- Born: Kolomyia, Ukraine
- Education: Kyiv National I. K. Karpenko-Kary Theatre, Cinema and Television University (BA, MA) Juilliard School (MFA)
- Occupation: Actor
- Known for: Shttl, Ponies

= Petro Ninovskyi =

Ukrainian actor

Petro Ninovskyi (Ukrainian Петро Ніньовський) is a Ukrainian actor. He is known for starring in Shttl, The Silence, My Young Prince, Peacock series Ponies (2026) and Certain Thomas (short 2026).

== Life and career ==
Ninovskyi was born and raised in Kolomyia, Ukraine. He began acting at age six. He completed his bachelor's degree and graduate degree in acting at the Kyiv National I.K. Karpenko-Kary Theatre, Cinema, and Television University. Ninovskyi received his master of fine art degree in drama from Juilliard in group 54. He was the program's first Ukrainian student.
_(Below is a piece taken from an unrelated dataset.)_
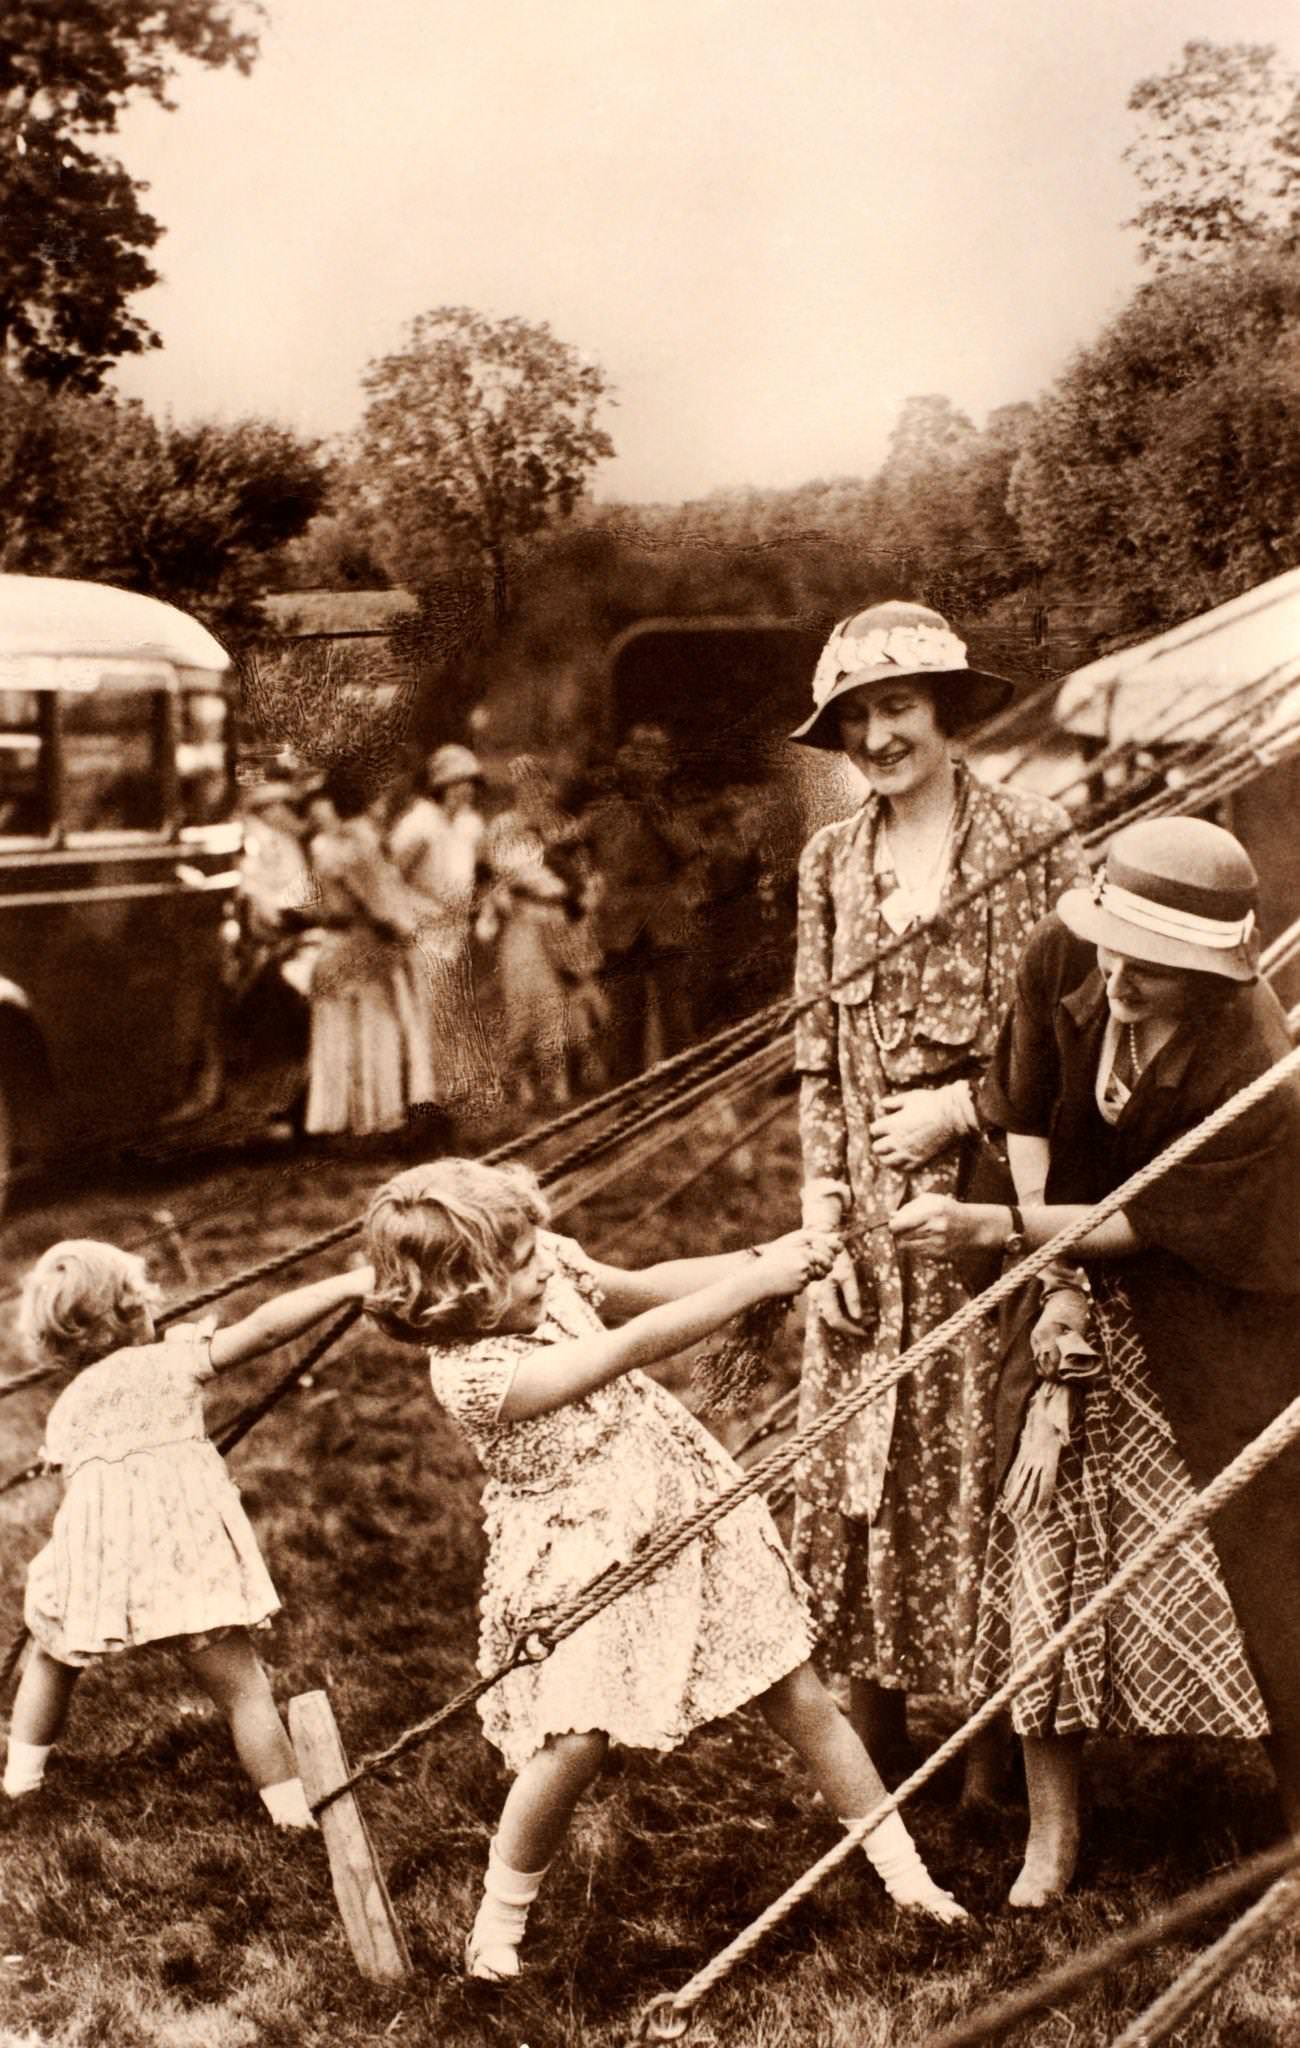 Princess Elizabeth and her sister Margaret Rose at play, circa 1931.

Ninovskyi acted in the series Sydórenky - Sydorénky and The Silence, as well as the films My Young Prince and Shttl. In 2026 he was a main cast member in the spy thriller series Ponies as Sasha, a Soviet Union informant for the CIA.

He co-hosted a series of poetry and music events with actress Svitlana Kosolapova to fundraise for the war in Ukraine.